11. **Evasive / conditional execution** — install/CI/build code that fires only under certain
    conditions to dodge review: env gating (`CI`, `GITHUB_ACTIONS`, `HOSTNAME`, `USER`), a
    time-bomb (date compare), sandbox detection (`/proc/self/cgroup`, VM artifacts), or a long
    `sleep` before the fetch/exec step.

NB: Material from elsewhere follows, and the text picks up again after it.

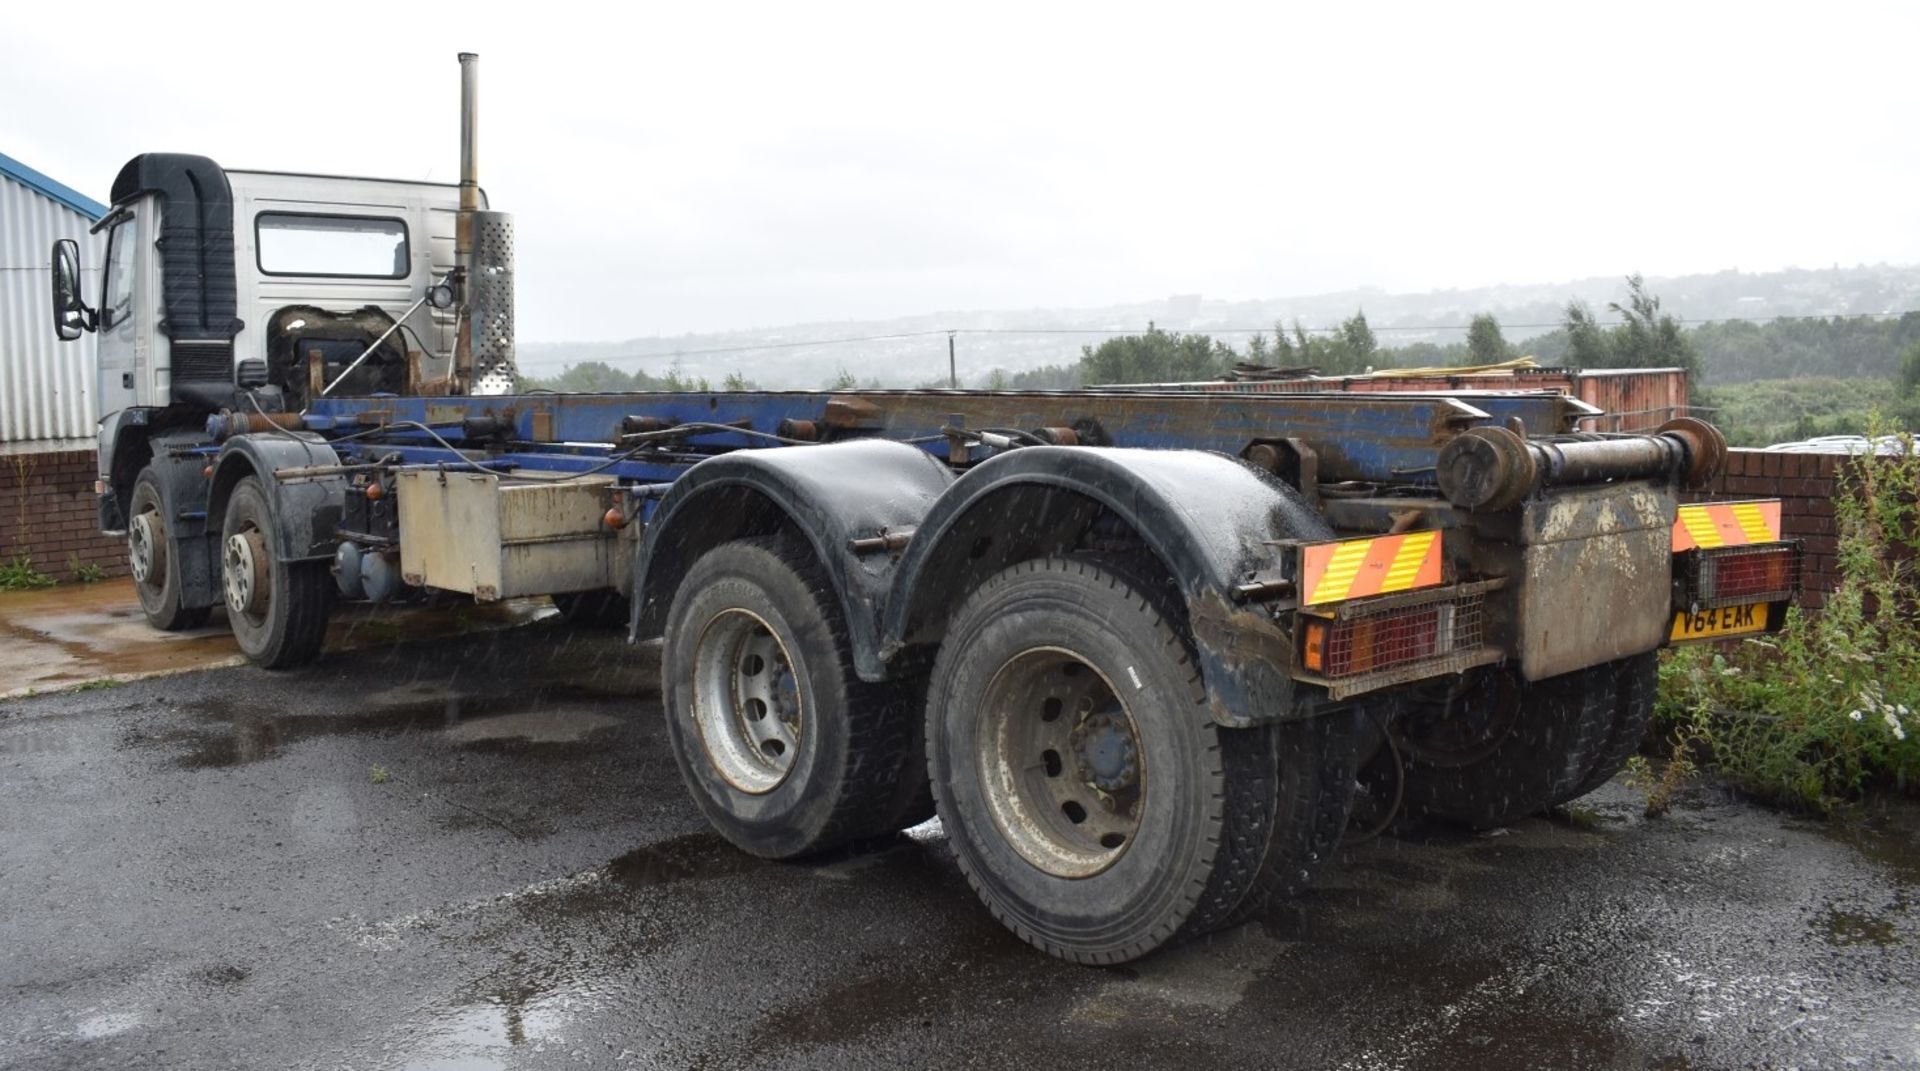 1 x Volvo 340 Plant Lorry With Tipper Chasis and Fitted Winch - CL547 - Location: South Yorkshire. - Image 11 of 25

Gating is an intent signal: **+1 band (min 4); band 7
    when it gates a network/exec payload to evade a sandbox.**

## Output format (exactly this)

```
REPO-AUDIT: <org/repo>
GATE: <PASS|FLAG>   LEVEL: <OK|RISK|HIGH-RISK|ALERT>   SCORE: <0-8>/8  (<band>)
ONE-LINE: <why this score>

EVIDENCE
- [<checklist#>] <file>:<line> — <what it does> (band <n>)
- ...

ATTACK SURFACE: install-scripts=<y/n> ci-untrusted-code=<y/n> network-fetch-exec=<y/n> committed-secrets=<y/n> sensitive-fs=<y/n> obfuscation=<y/n> evasion=<y/n>
DEPENDENCY HYGIENE: lockfile=<y/n> pinned=<y/n> suspicious-deps=<none / list>
README-HONEST: <yes / no — what the README hides>
RECOMMENDATION: <safe to adopt / adopt with mitigation X (e.g. `npm ci --ignore-scripts`, pin actions by SHA) / do not adopt — reason>
```

## Rules
- Evidence or it didn't happen: every band claim needs file:line. No vibes.
- **Be fair, not alarmist.** A postinstall downloading a binary from a *pinned, trusted*
  release host without checksum is band 4, not 8. Name the likely intent; score the capability.
- Clone read-only into a throwaway dir. Never `npm install`, never run CI, never fetch URLs.
- Reputable publisher lowers *intent* risk but not *capability* score — say both.
- One repo, one score. Name the single riskiest file/step.